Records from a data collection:
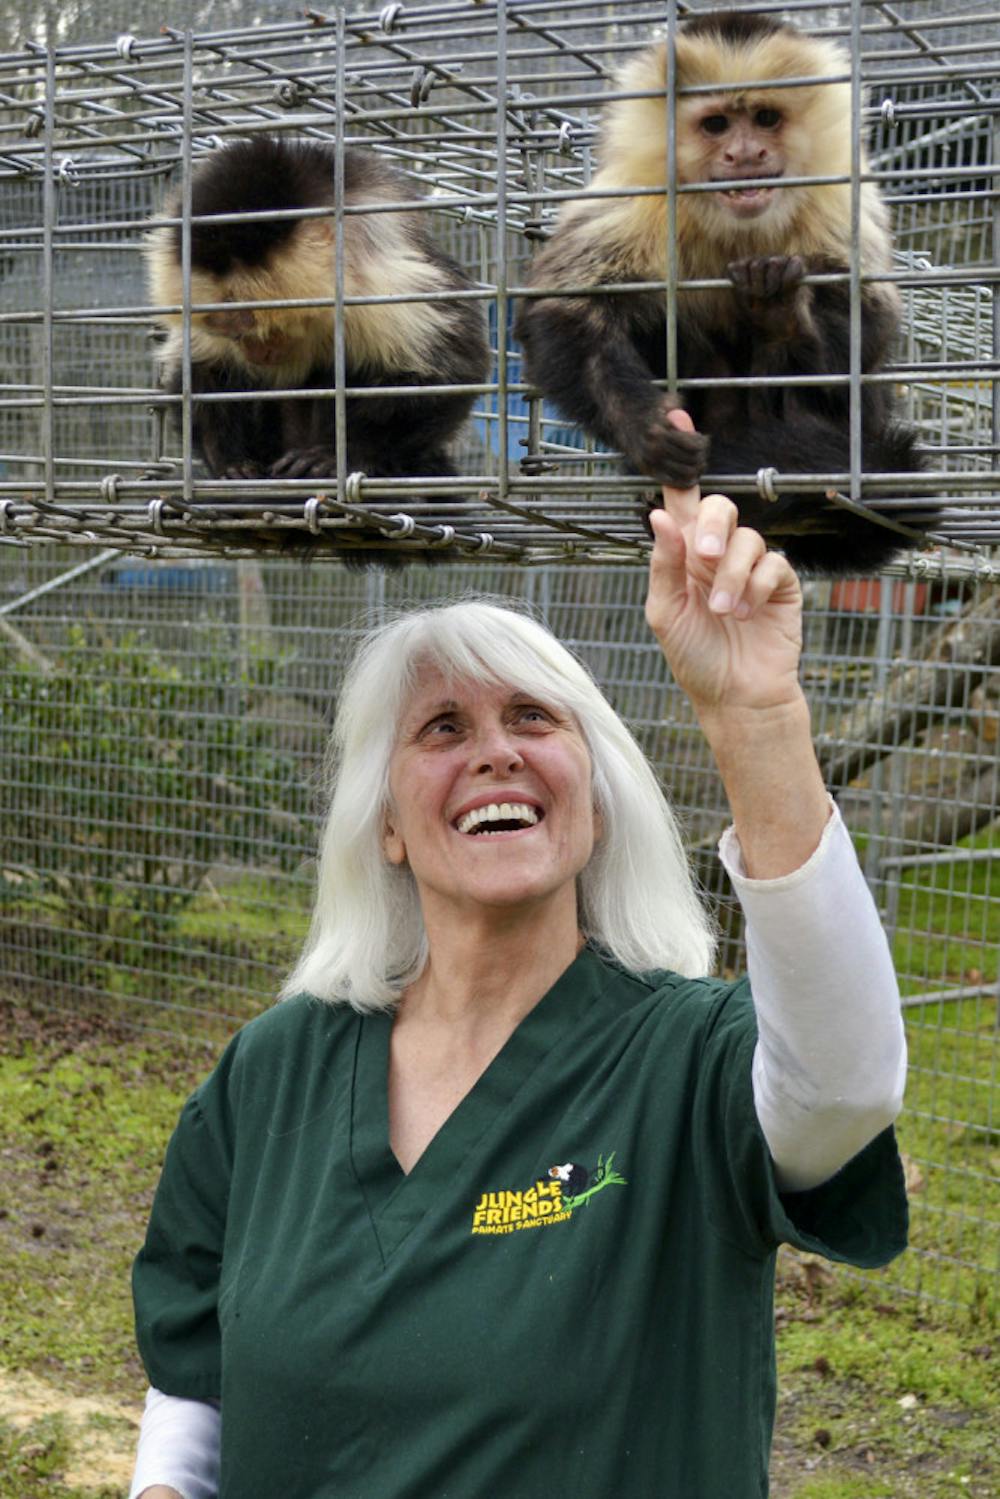 <p><span id="docs-internal-guid-8d59c52b-5d3d-6bf7-765f-ed09e7706954"><span>Samantha and Charlotte, a pair of white-faced capuchin monkey sisters, sit above their owner, 61-year-old Kari Bagnall, in the Jungle Friends Primate Sanctuary on Tuesday afternoon.</span></span></p>
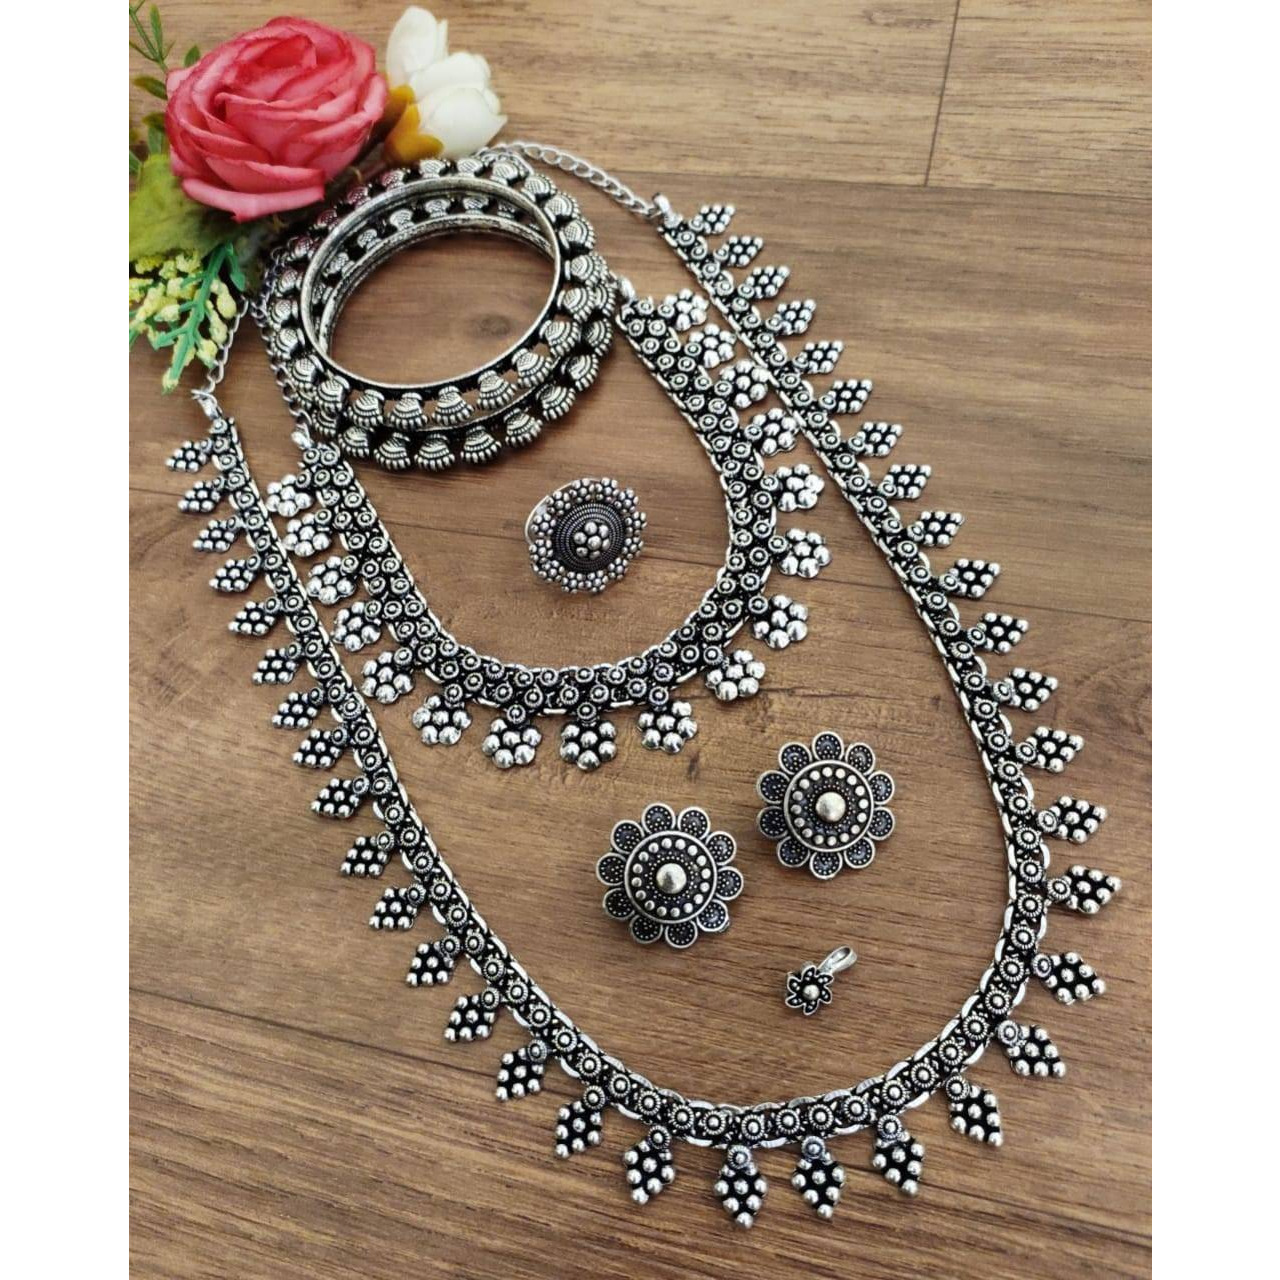 Afghani Jhumka Earrings made with high quality of silver oxidized and base is copper to maintain the finish long lasting, Also Black Polish make it perfect for stunning look while pair up them with any Indian or western wear.OCCASION: Wedding, Marriages, Casual, Party Wear, Engagement, casual Wear.
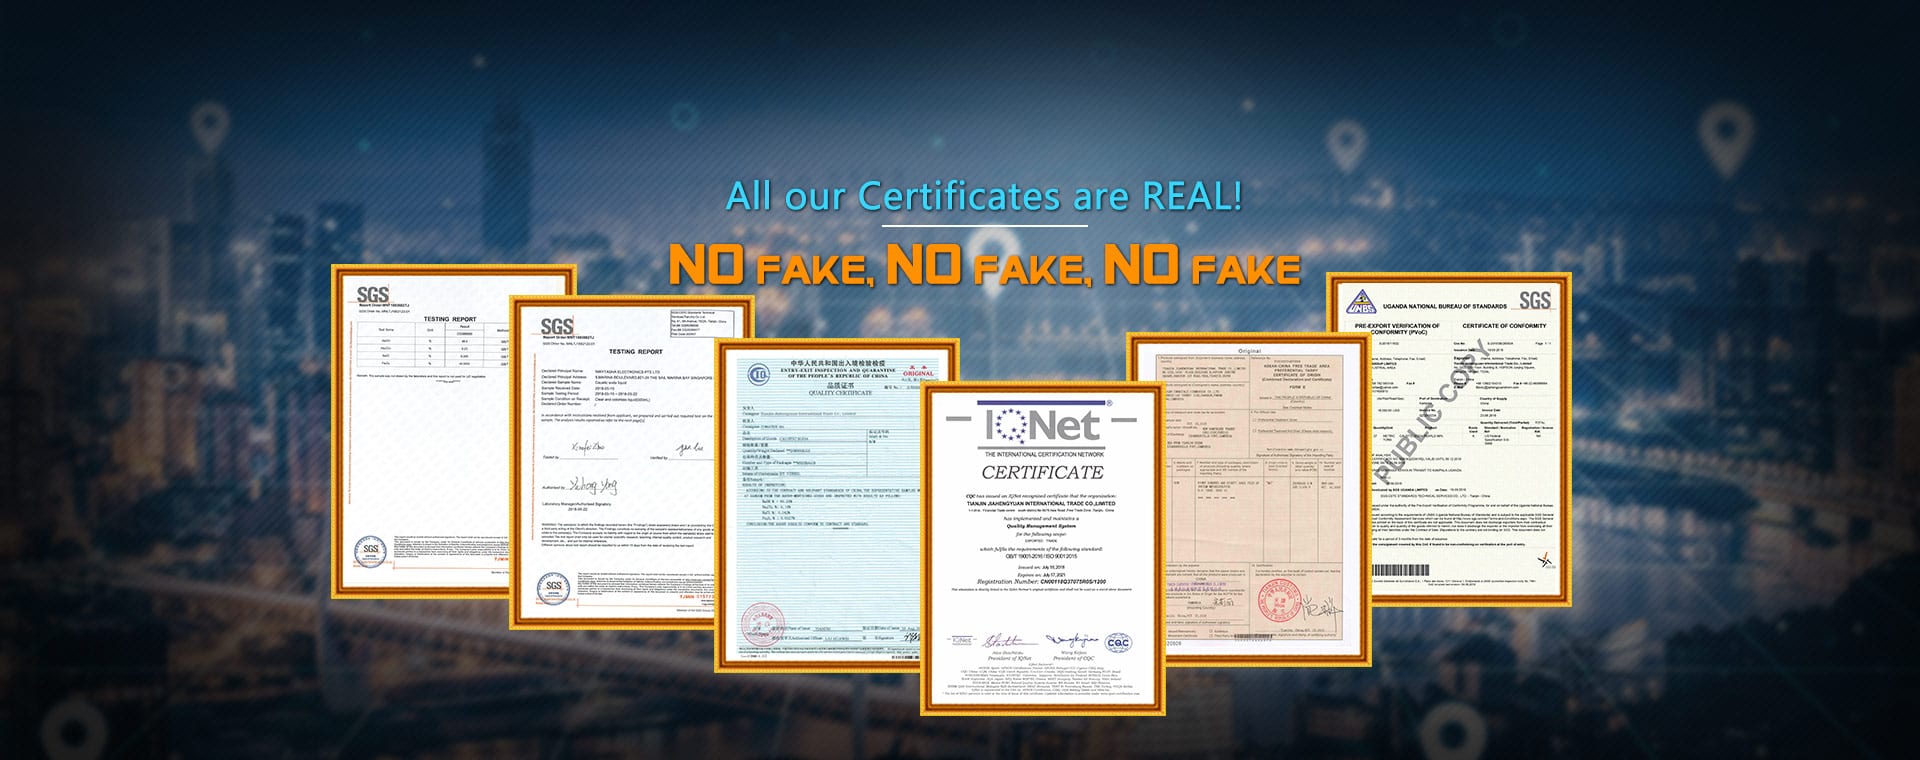 All our Certificates are REAL!
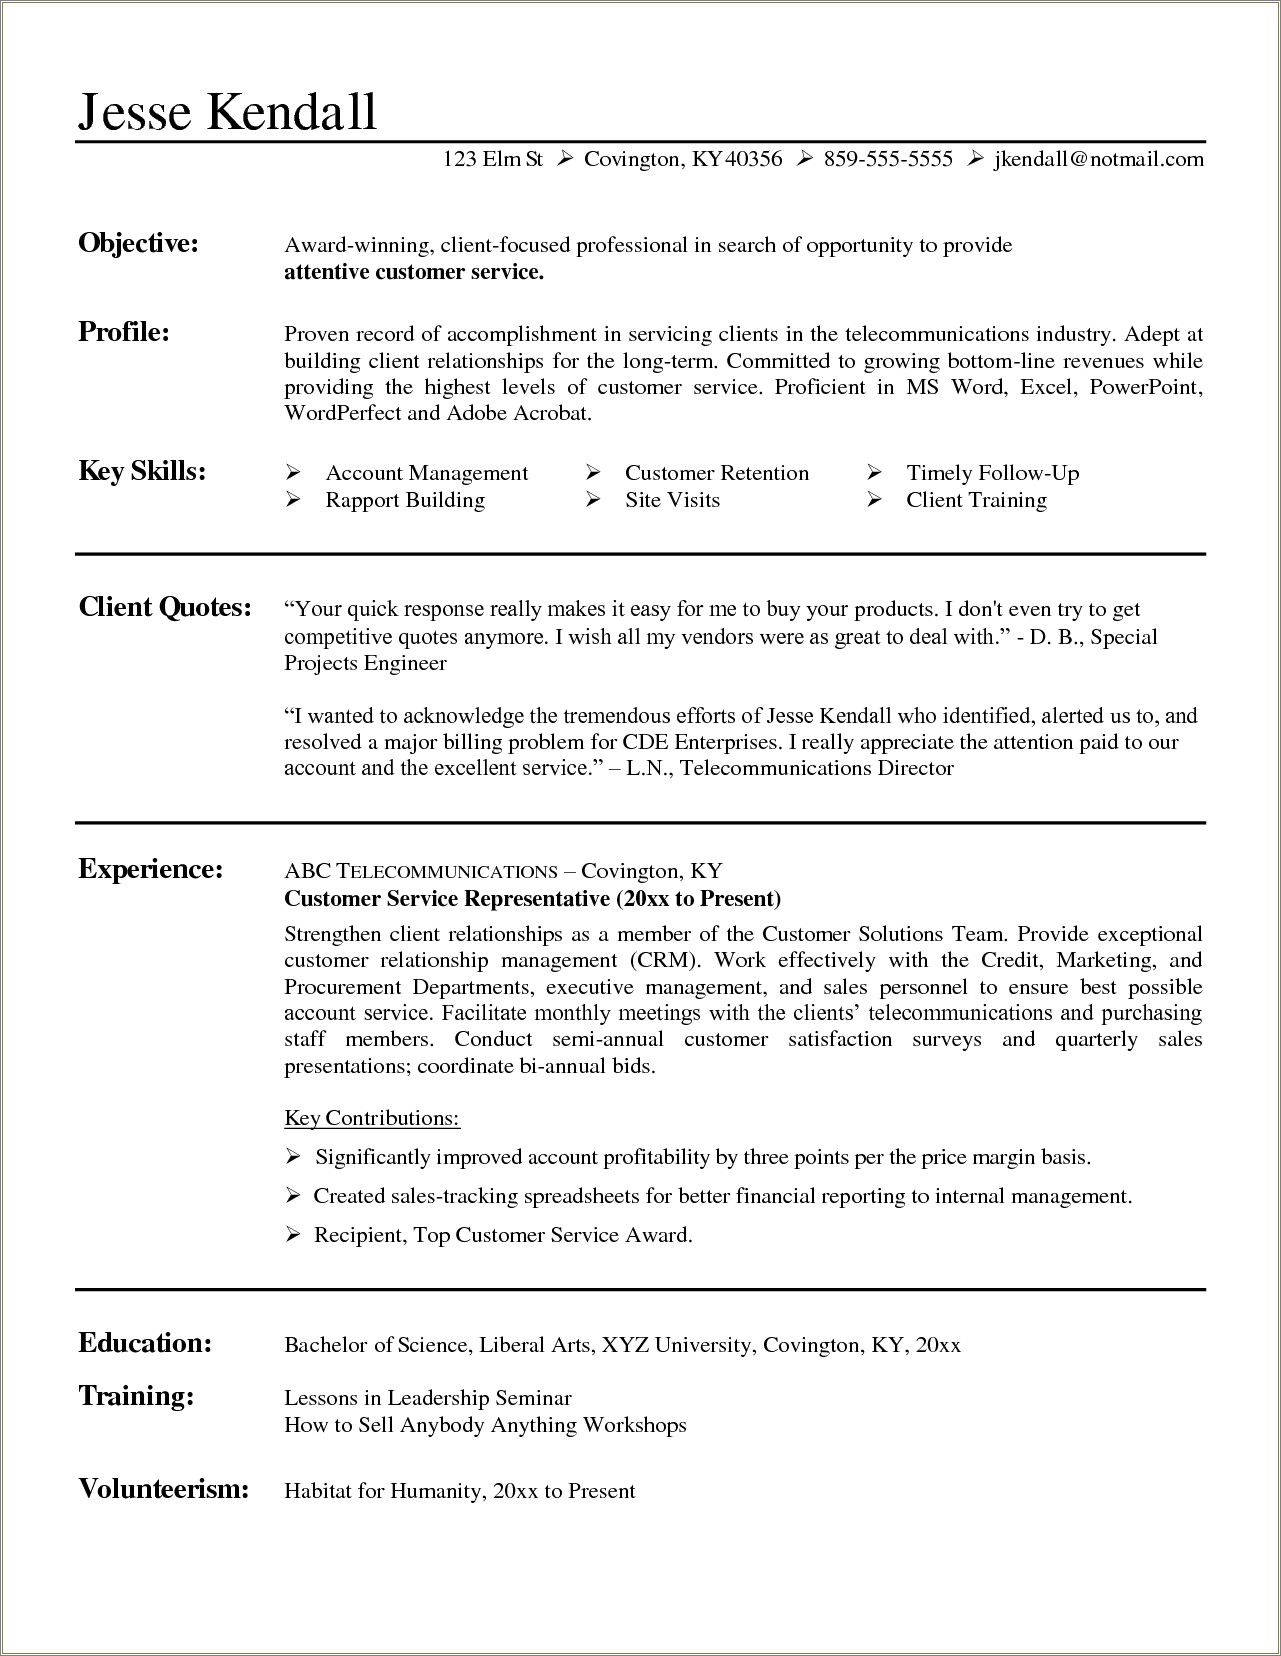 Customer Service And Sales Resume Template
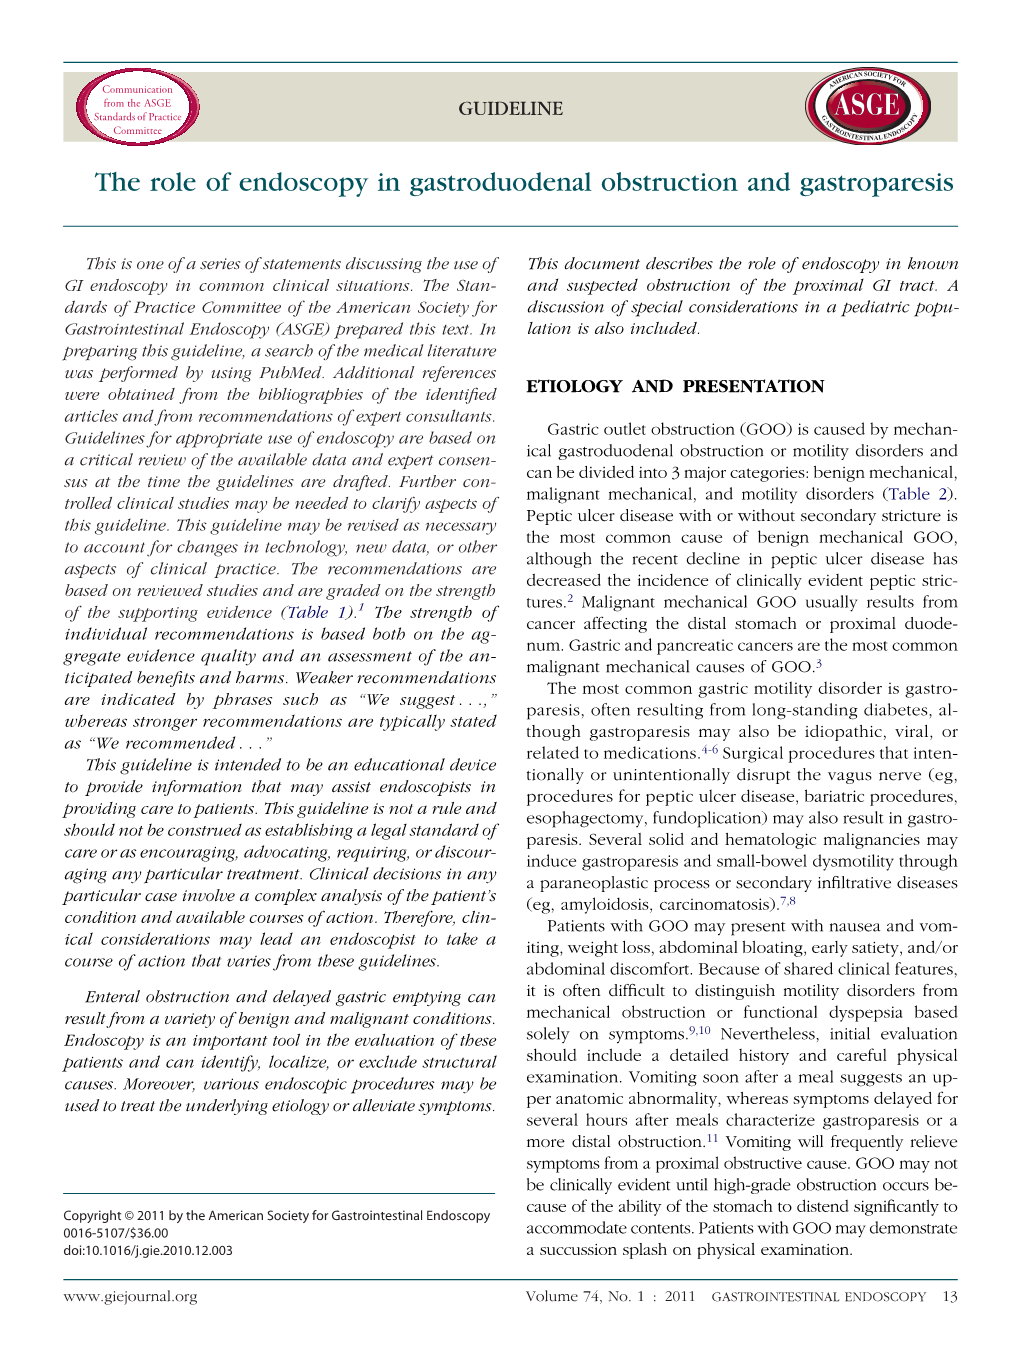 The Role of Endoscopy in Gastroduodenal Obstruction and Gastroparesis

» TASK DIRECTIONS
Would you set down every line of the data above exactly, skipping the pictures?

» ANSWER TO THE EXERCISE
 <p><span id="docs-internal-guid-8d59c52b-5d3d-6bf7-765f-ed09e7706954"><span>Samantha and Charlotte, a pair of white-faced capuchin monkey sisters, sit above their owner, 61-year-old Kari Bagnall, in the Jungle Friends Primate Sanctuary on Tuesday afternoon.</span></span></p>
 Afghani Jhumka Earrings made with high quality of silver oxidized and base is copper to maintain the finish long lasting, Also Black Polish make it perfect for stunning look while pair up them with any Indian or western wear.OCCASION: Wedding, Marriages, Casual, Party Wear, Engagement, casual Wear.
 All our Certificates are REAL!
 Customer Service And Sales Resume Template
 The Role of Endoscopy in Gastroduodenal Obstruction and Gastroparesis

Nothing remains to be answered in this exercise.